Scapegoat Video (TM)

This morning as I was heading to meet up with a friend to hit the gym, I decided to swing by Scarecrow and drop off the movie I had rented last night when I finally got around to opening up an account there. So I meander down 50th, which is largely empty as it’s 6:40 a.m. on a Saturday, and there’s this cop behind me most of the way. He sorta just toodles behind me though, so I sorta ignore it, and just loop around the block to hit Scarecrow on Roosevelt. I didn’t realize, but even though the cop had turned down a different street, s/he materialized behind me as I was looping around, and pulled up behind me when I parked at Scarecrow. Hm, I think to myself. Nothing more, just “Hm”. I rustle around in my purse to find the video, and when I re-emerge with it and get out of my car, Driver Cop is getting out of the cop car too, with his partner.

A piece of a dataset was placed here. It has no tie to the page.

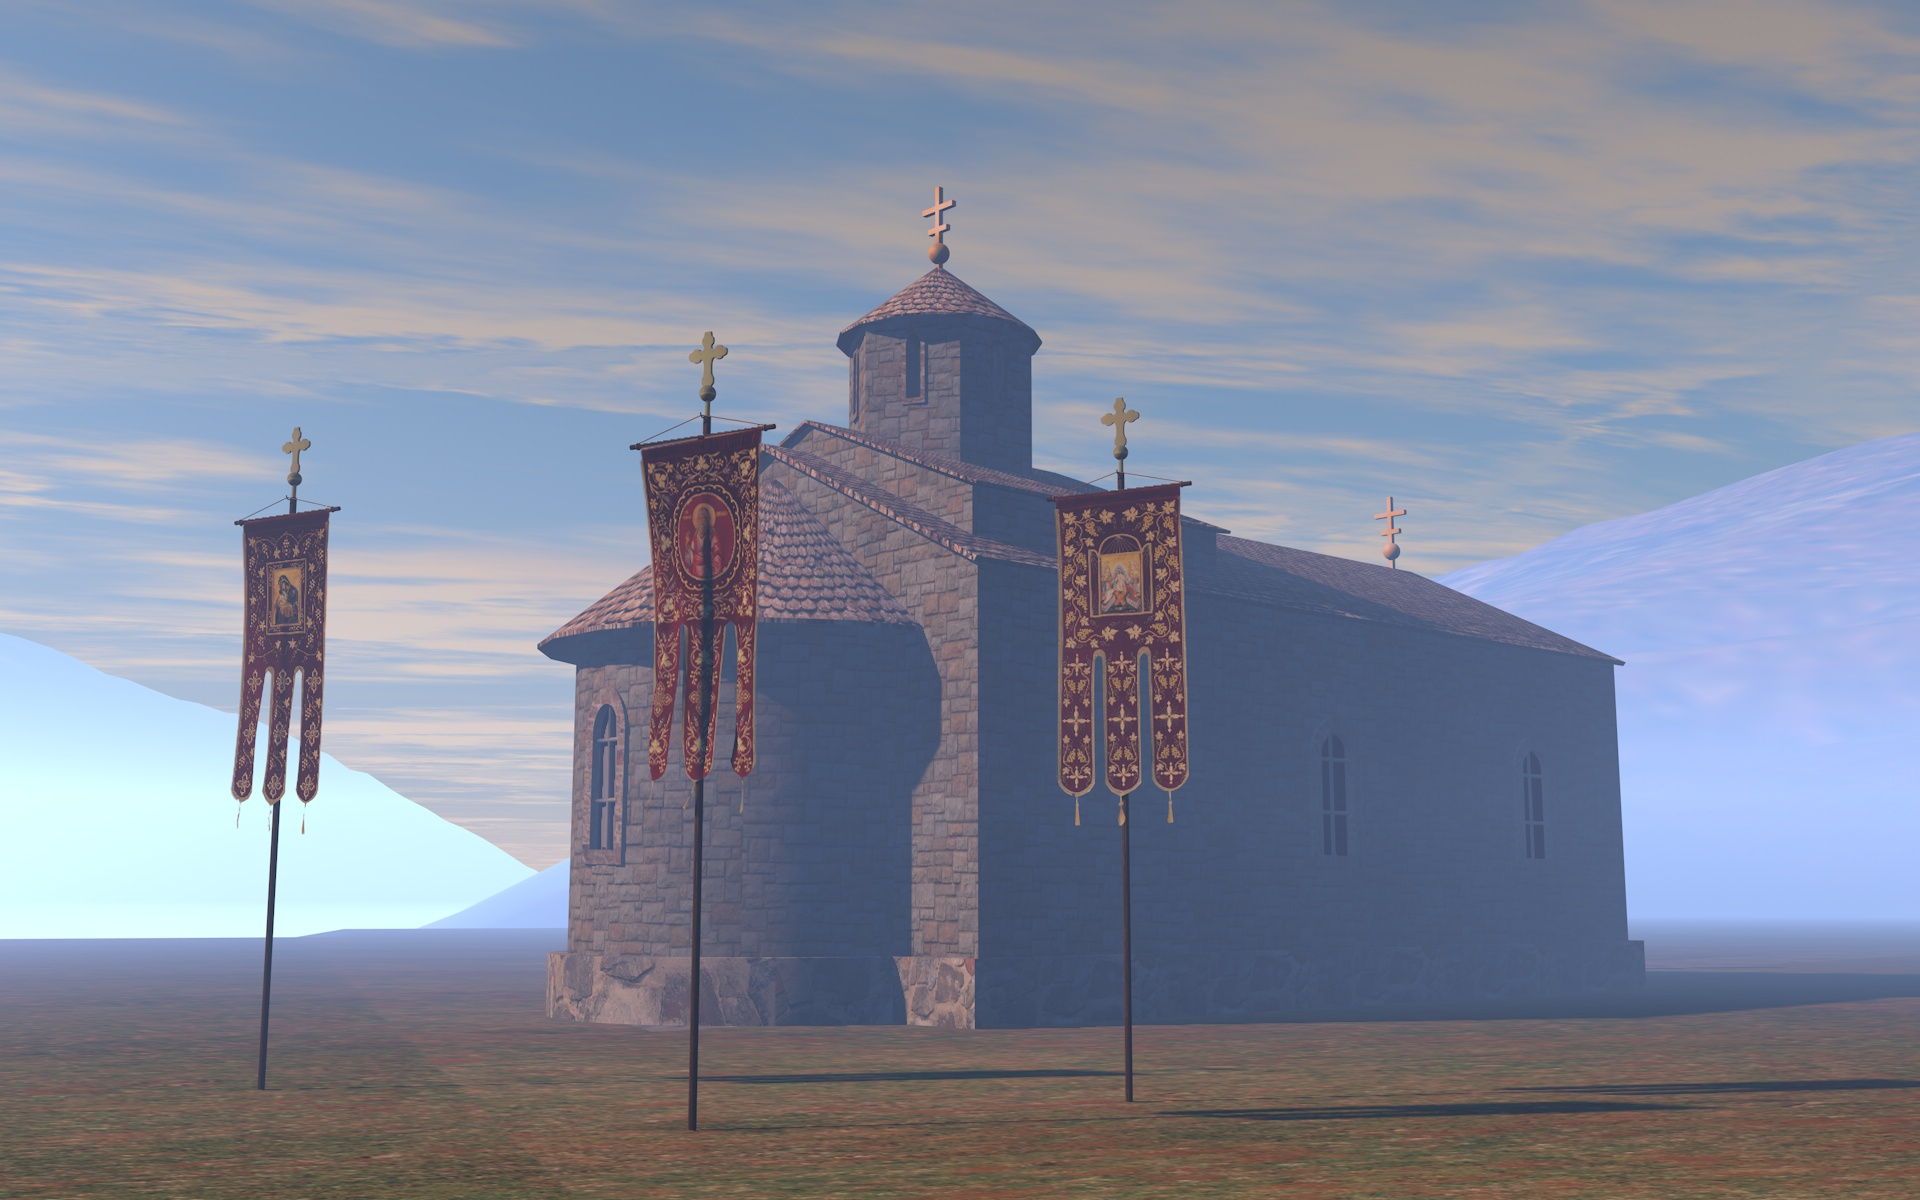 Otkriveni temelji manastira u Rožnju. Rozanj5-A0806

ME (Searching for slot on Scarecrow’s door): Hi, um…. did you guys just really want to… help me out… with my video return?

HIM (Stepping ever so slightly in my path to block me from looking): Miss, do you know the license plate number of your car, without looking?

ME (Rambling nonchalantly, as I’m prone to doing and as I for once have all brightly burning tail lights and completely legal tabs): Yeah, it’s ***-***, but the plates used to be ***-*** – the old ones are in my trunk, wanna see? The car technically belongs to my mom, her name is ***** *********, and she lives in Oregon, but we’ve just been too lazy to switch it over… is there a problem?

HIM (friendly, slightly sheepishly): Well, there have been reports…. this car has been reported stolen.

ME: Ha ha ha ha ha ha ha ha ha. Are you SERIOUS!? It’s, um, always been mine – do you want to see the title or registration or my insurance or anything?

HIM (Amused but not laughing): Nah, we’ll probably just take a look at your driver’s license…

ME (Handing him license): All that information is out-of-date… do you want my current info? Do you want my phone number? Here, do you want my card? Do you… want anything?

HIM: Nah, we’ll just make a note of it… it was probably just typed in wrong or something.

(Takes my license into the car; he and his partner stay in there for a while. By now four cop cars are surrounding me, blocking me in. My cell phone rings, I make a laugh-infused call to tell my friend I’ll be late because I’m being detained by the cops. Meanwhile Blue Britches gets back out of the squad car and is lingering/listening in on my call and sort of laughing with his eyes.)

ME: Sorry about that. So seriously, can I give you my card so you can tell me when this has been…. straightened out or whatever?

HIM: Don’t worry about it, we’re calling dispatch right now to explain it.

ME: Are you sure?

HIM: Yes, that’s all, take care Miss.

ME: You guys, um, have a good… rest of your… morning.

So all that is nice and hilarious and silly, yes, but I have this weird feeling it’s not over, that I’m going to get pulled over and questioned the next time I, um, return a video or something. And the main punchline was never even mentioned:

WHY WOULD ANYONE EVER WANT TO STEAL MY CAR!? They probably wouldn’t even be able to get it to move, seeing as how you have to sort of flood it to get it to turn over, and the clutch is so stiff it actually kind of hurts your ankle, and there’s a tooth chipped in two gears so sometimes it takes forever to get it out of neutral… seriously, nice choice, Mr. Thief. You may want to invest in some self-respect.

I tell ya, it’s gonna be an interesting vacation.

Oh yeah, P.S. – of COURSE I was wearing the “Another Damn T-Shirt”… t-shirt. Of COURSE.